The timing couldn’t be worse for Russia’s leadership. Just as military operations require maximum funding, the primary source of that funding is experiencing its worst performance in years. This creates a vicious cycle where economic weakness could undermine military capability, while military needs prevent economic recovery.
Some regions are already feeling the pinch more severely. Areas dependent on federal transfers are seeing delayed payments. Infrastructure projects have been postponed indefinitely. Even in major cities like St. Petersburg and Moscow, residents report more frequent power outages and transportation delays.
The human cost extends beyond Russia’s borders too. Reduced oil revenues mean Russia has less money to support allied countries, potentially destabilizing relationships that Putin has spent years building across Africa, Latin America, and Asia.
As the revenue crisis deepens, ordinary Russians like Alexei find themselves caught between their government’s global ambitions and their own shrinking household budgets. The collapse in Russia oil revenues represents more than just an economic challenge—it’s reshaping the fundamental relationship between the Russian state and its people.
FAQs
Why are Russia’s oil revenues falling so dramatically?
Russia now has to sell oil at massive discounts due to sanctions, limited buyers, and higher transport costs, often $20-30 below international prices.
How much have Russia’s energy revenues dropped?

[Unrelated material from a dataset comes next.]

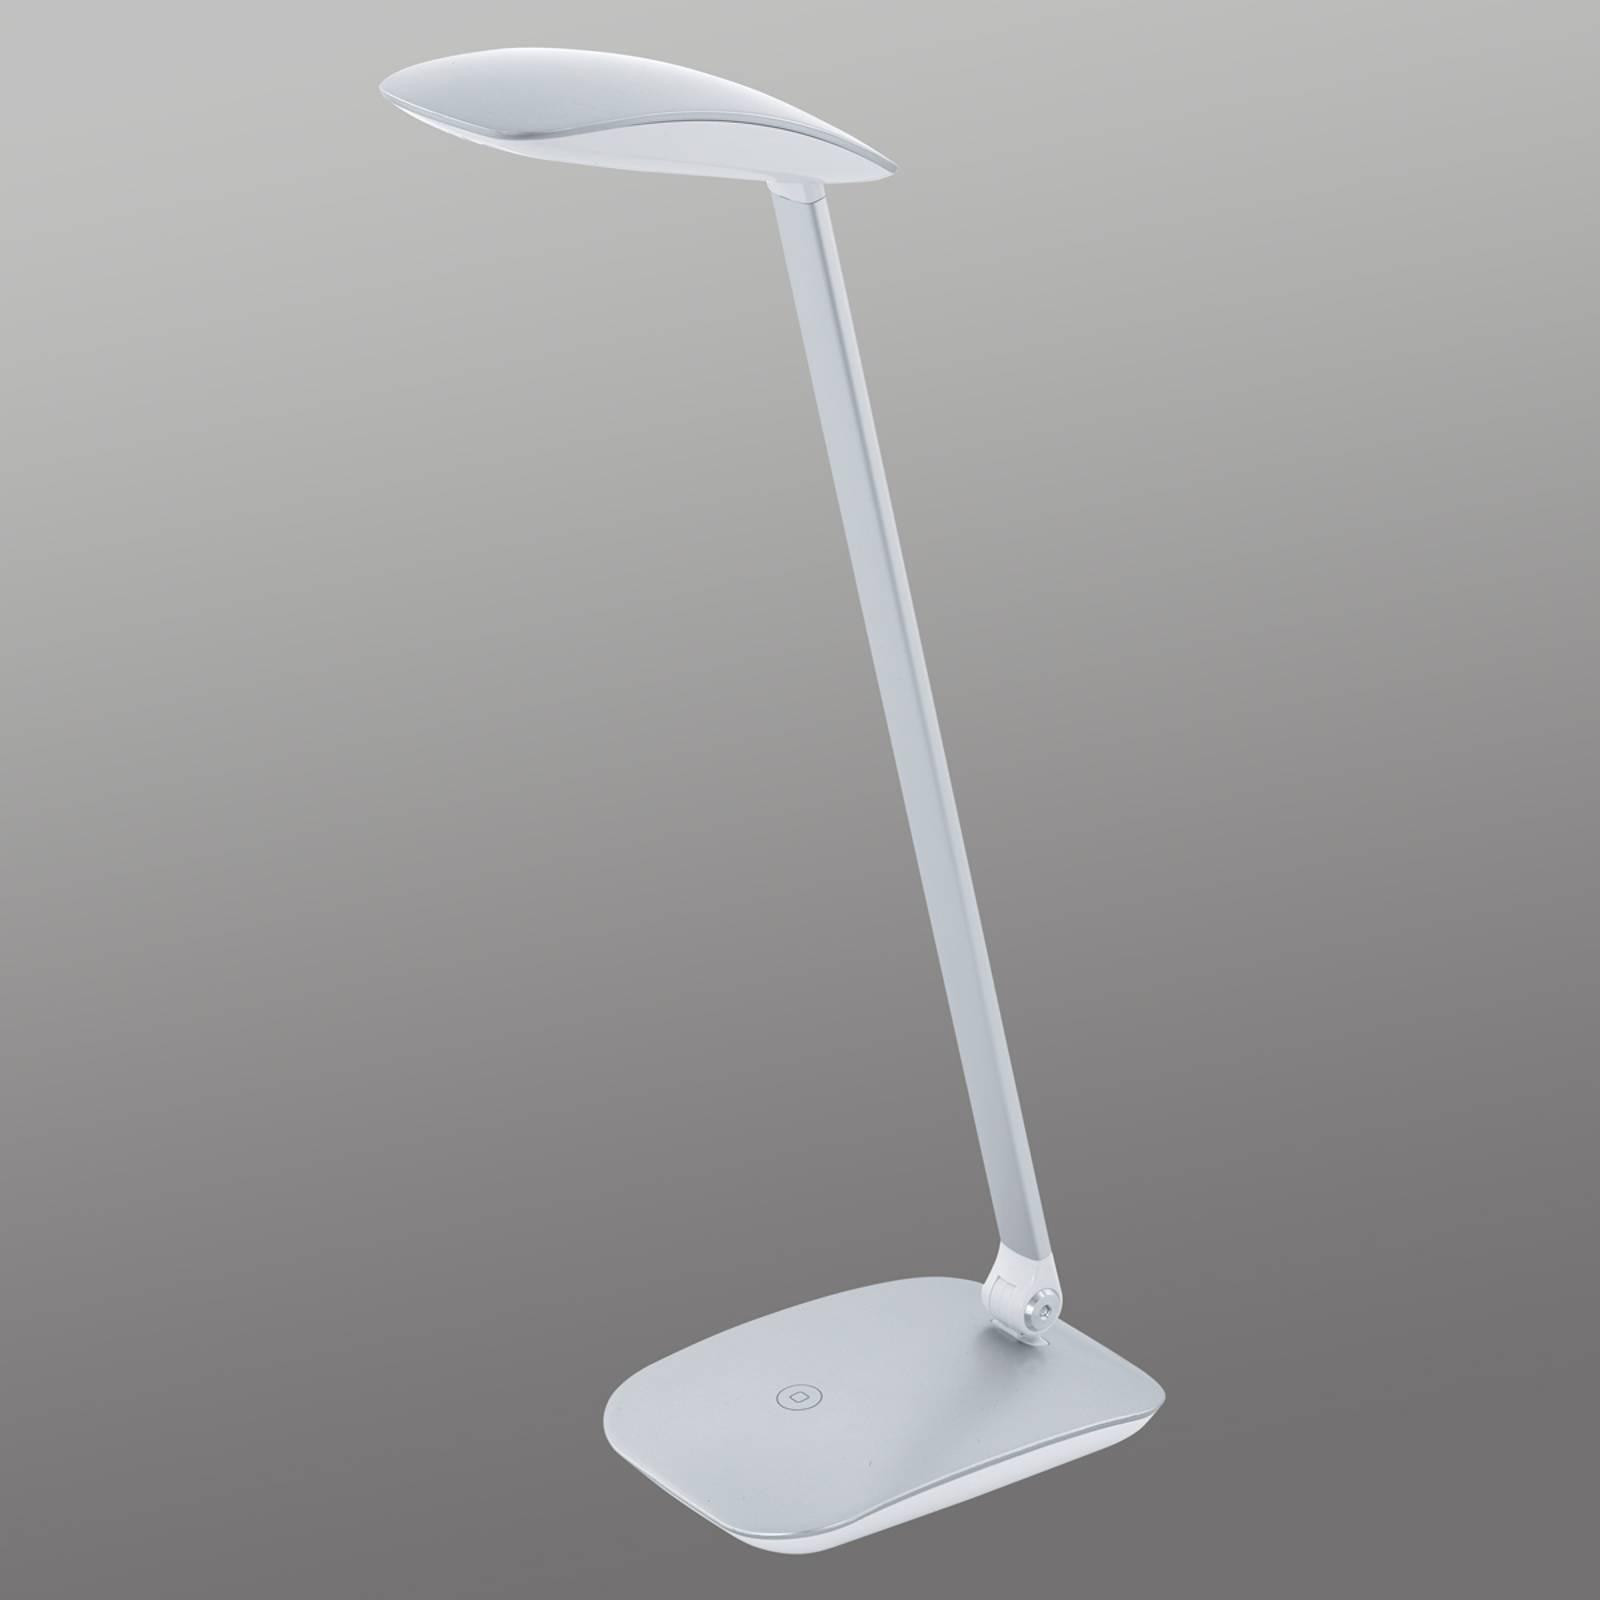 Hopeinen Cajero LED-kirjoituspyötävalaisin, himm.

Oil and gas revenues fell by approximately 24% in 2025, with total energy revenue dropping from $165 billion in 2021 to $110 billion in 2025.
Who is buying Russian oil now?
Mainly China and India, along with some smaller countries, but this limited buyer pool forces Russia to accept lower prices.
How does this affect Russia’s war funding?
Lower oil revenues mean less money for military spending just when Russia needs it most, forcing difficult budget choices between defense and domestic programs.
Are ordinary Russians feeling the impact?
Yes, through higher taxes, reduced government services, delayed infrastructure projects, and general economic pressure that affects daily life.
Could this revenue crisis end the war?
While unlikely to end it immediately, the financial pressure limits Russia’s ability to sustain long-term military operations and could force strategic changes.